# Your task
The material below includes pictures; leave them out and return only the lines between the line containing "Big Apple Holidays" and the line containing "Vintage 1980s Cute", inclusive, word for word.

# Recorded data
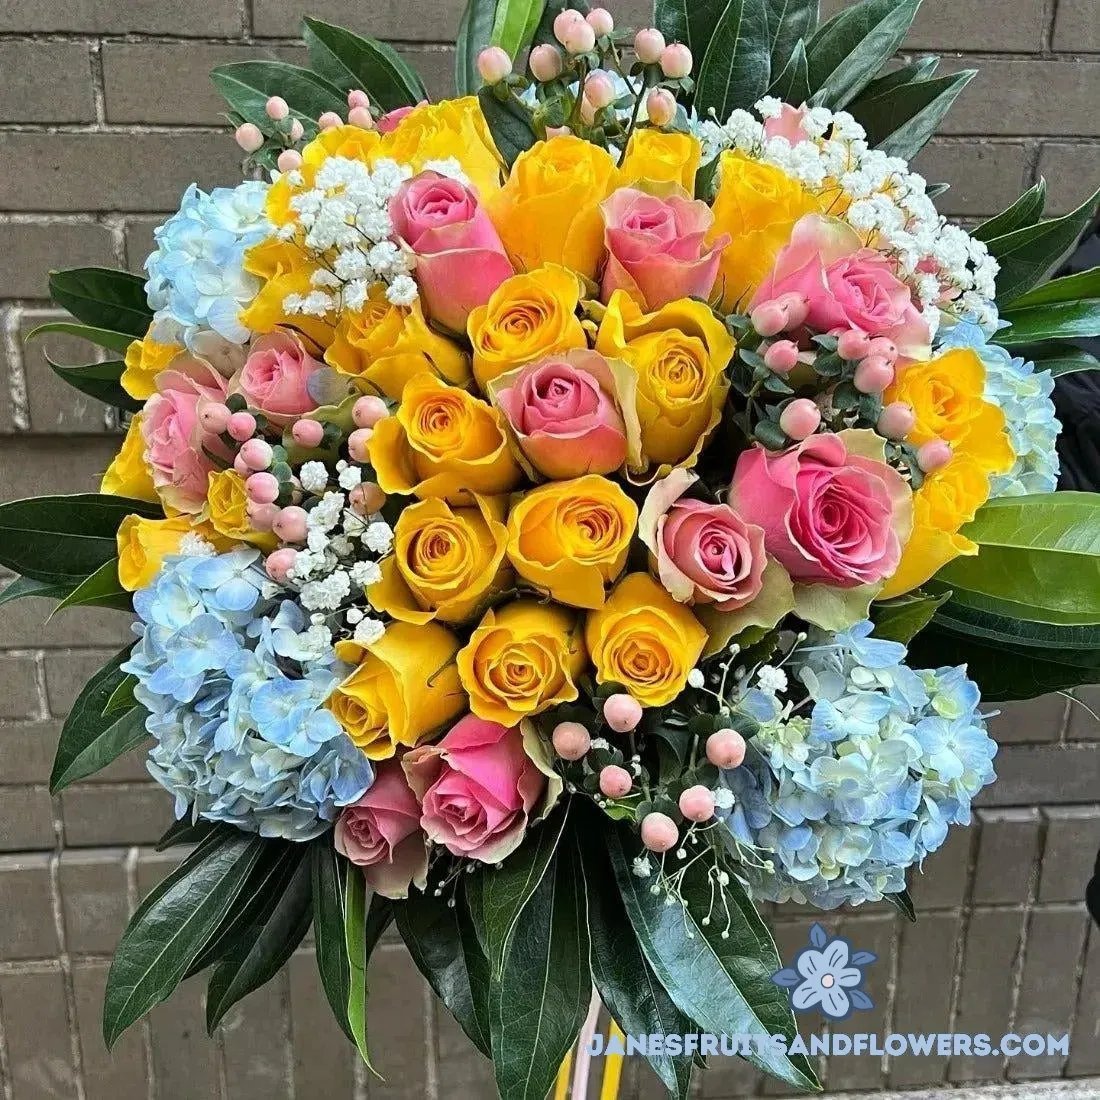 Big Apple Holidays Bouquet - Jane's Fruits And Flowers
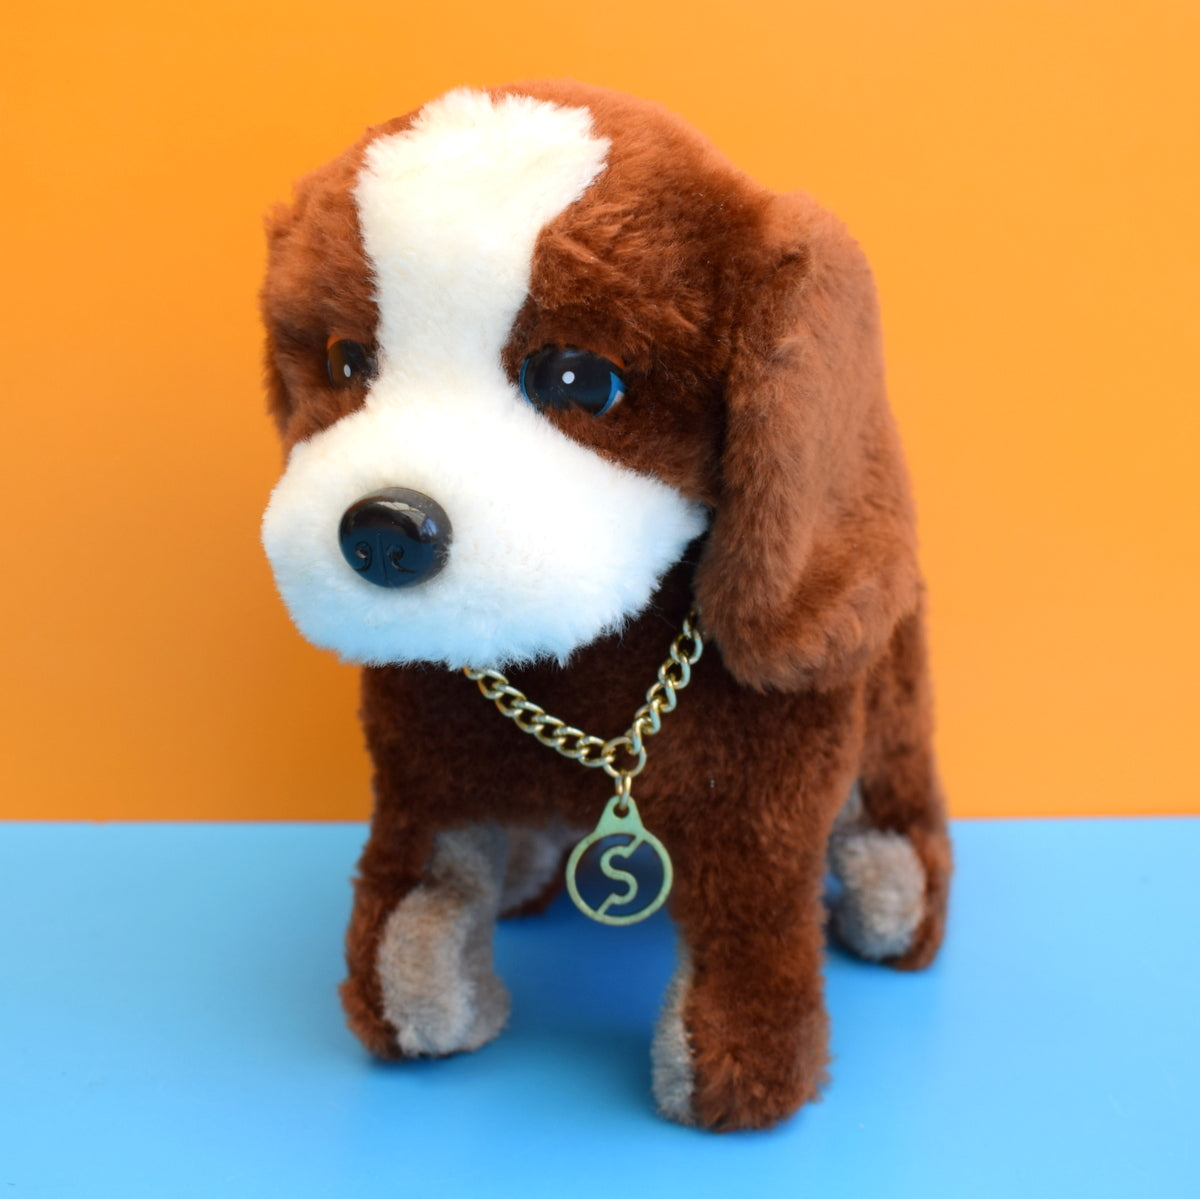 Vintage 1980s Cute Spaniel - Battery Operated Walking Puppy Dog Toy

* * *

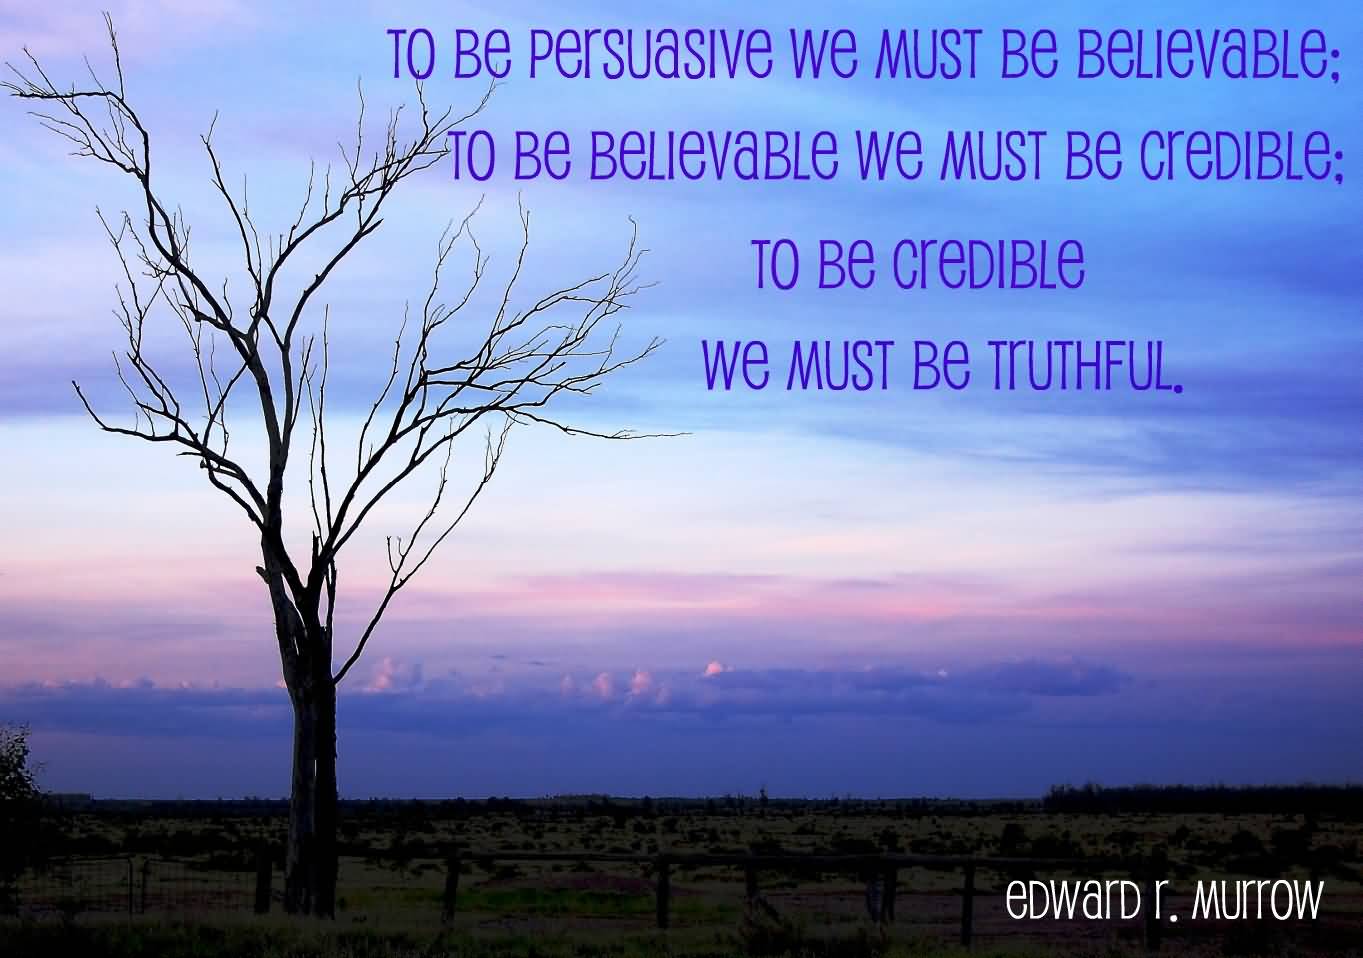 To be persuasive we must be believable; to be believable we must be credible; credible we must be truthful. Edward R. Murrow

--

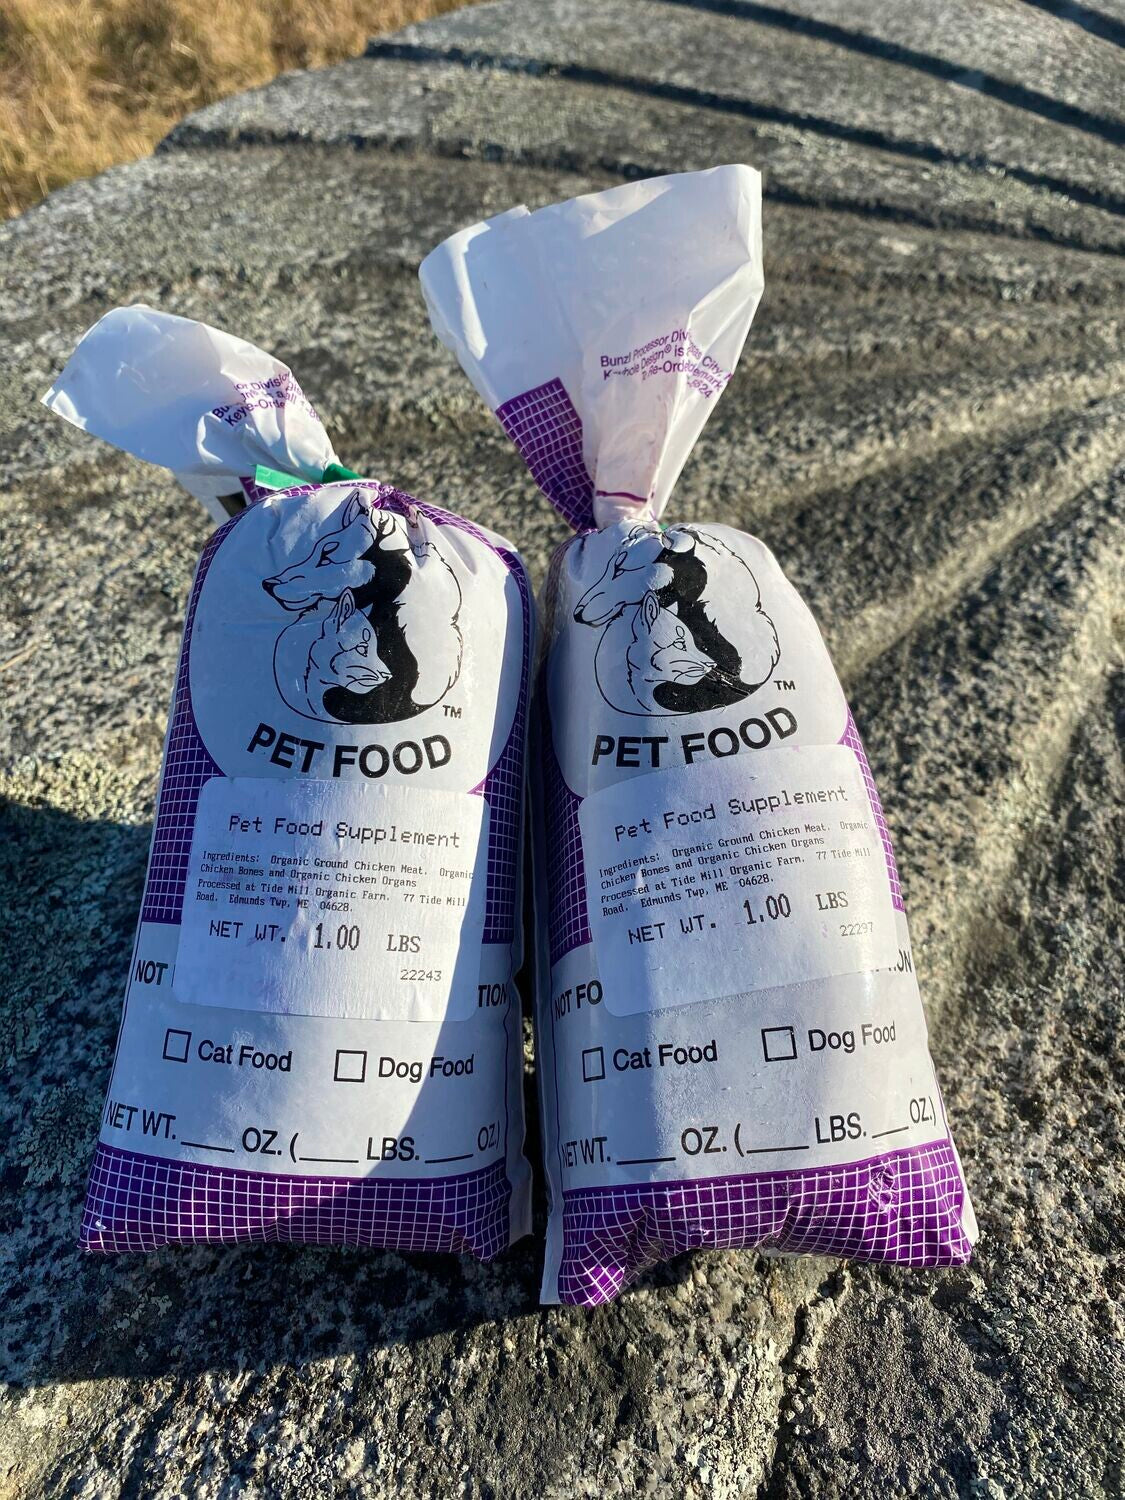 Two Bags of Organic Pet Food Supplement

# Response
 Big Apple Holidays Bouquet - Jane's Fruits And Flowers
 Vintage 1980s Cute Spaniel - Battery Operated Walking Puppy Dog Toy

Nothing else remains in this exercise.